Music Banter - View Single Post - The coming out thread - Take II
View Single Post
Old 08-13-2018, 10:59 AM   #146 (permalink)
Key
.
 
Key's Avatar
 
Join Date: Dec 2010
Posts: 13,153
Default

Quote:
Originally Posted by adidasss View Post
So flash forward 7 years and now I can say that I am fully out to my family, hurray!

I sort of made a deal with myself that I would come out if and when I meet that special someone and that happened some 5 years ago so after I was dating my partner for a few months I took the plunge and told my mother. Slightly less dramatic than telling my sister but probably even harder to do emotionally. My sister I told via text message, my mother I told face to face. And boy was it hard to get the words out.

She said she knew...she also said she would have preferred it if I hadn't told her. But almost immediately, like my sister, she went into the whole "I'm worried what will happen to you", not just about the prejudice but also HIV etc. So I assured her I'm very safe etc.
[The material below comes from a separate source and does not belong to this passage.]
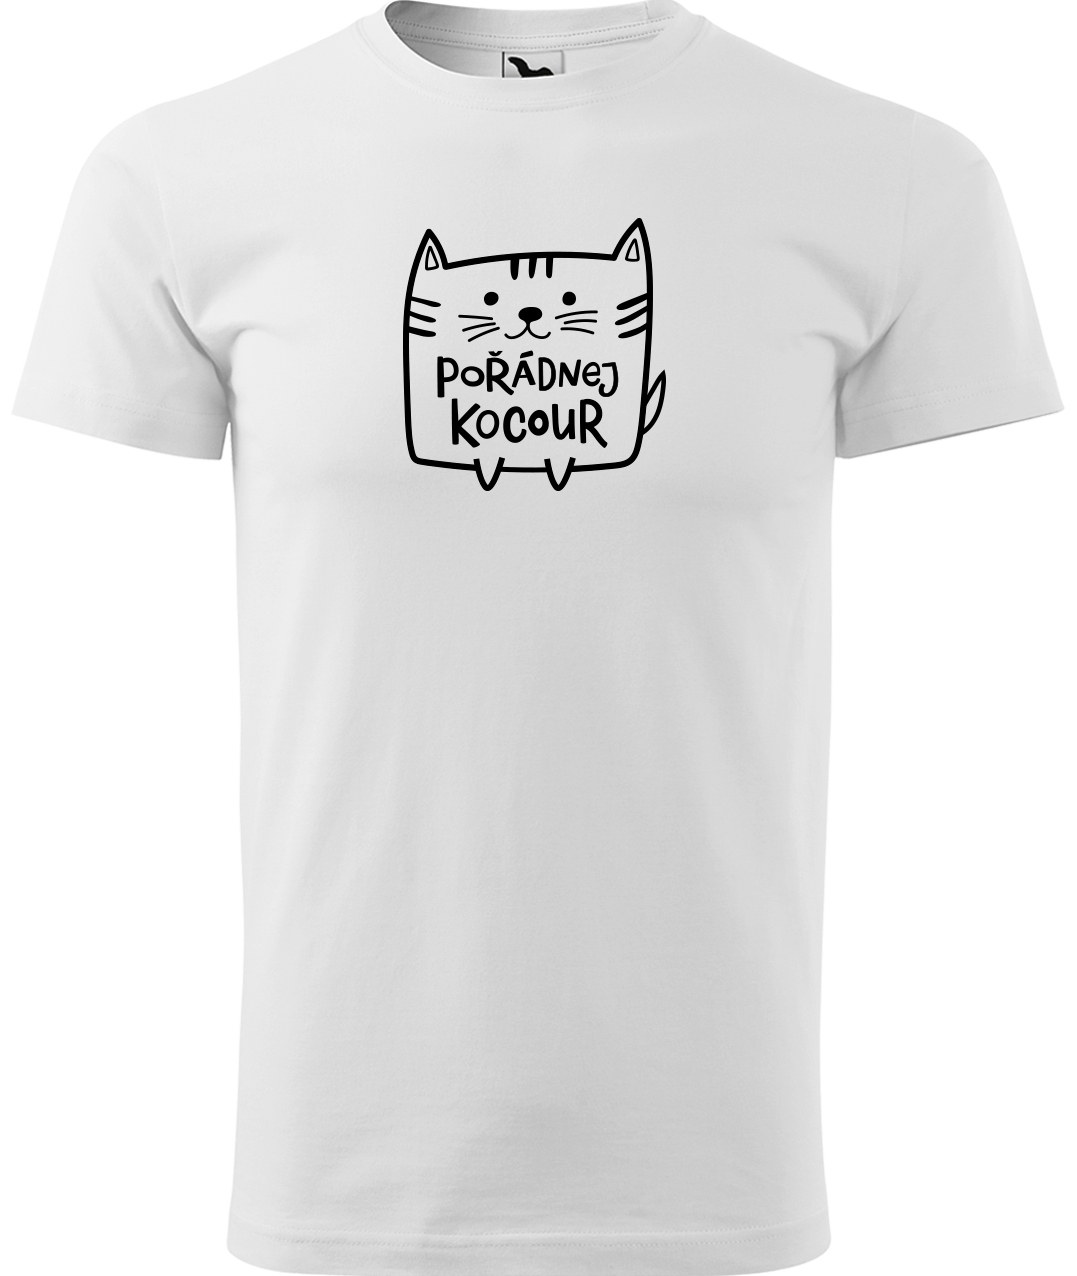 Pánské tričko s kočkou - Pořádnej kocour Velikost: 3XL, Barva: Bílá (00)

That was about 5 years ago. about a year later, my father found out, through my mother, because my boyfriend was coming to visit my home town and was staying at my house! I thought it was going to be quite dramatic but in the end they shook hands, my father spent the rest of the holiday hiding somewhere and then we proceeded not to speak to each other for about a year.

My mother is now quite fond of my boyfriend I think, although unfortunately, he is spanish and so they can't really communicate since my parents don't speak English. She makes food for him when we come home, asks me about him over the phone. We've come a long way.

My father this summer made also a big step forward and didn't hide away this time, but greeted my boyfriend and said goodbye and even "see you" to him in English when we were leaving! That was really heartwarming. There is still much progress to be made and I doubt they will ever really have a close relationship with my boyfriend but I'm ok with that.

So, the moral of the story is that, a lot of gay people are really terrified of telling their family and think the worst will happen, and unfortunately, sometimes it does. But most of the time, once the initial shock is over, things settle down and then there is a great sense of relief and liberation, and your relationship is allowed to grow since now you don't have to hide this very important part of you. So it is very much worth the effort.

P.s. My eldest sister has gradually warmed up to my boyfriend also, mostly because, unlike me, he has an amazing taste in everything so he buys her affection with presents. My brother on the other hand, I thought was ok with the whole story, turns out still can't really get over it so he mostly avoids us when we come home. But the best twist in this story is that, a few months ago, his only daughter, my niece, came out to me and my sister as a lesbian!! My mind was fucking blown away, I had NO idea!!

So, now it's her turn to come out to the rest of the family, including her homophobic parents. It will be interesting, she is my parents' only granddaughter (my brother has a son also)...
A positive story is not something you always see in these situations. Awesome news. It's certainly a road block that weighs you down quite a bit. I remember when my dad was witnessing my experimental phase and I could just see the somewhat disappointment. My mom did meet one of my exs tho even though it only lasted like..2 weeks. But at the same time, my parents are always supportive.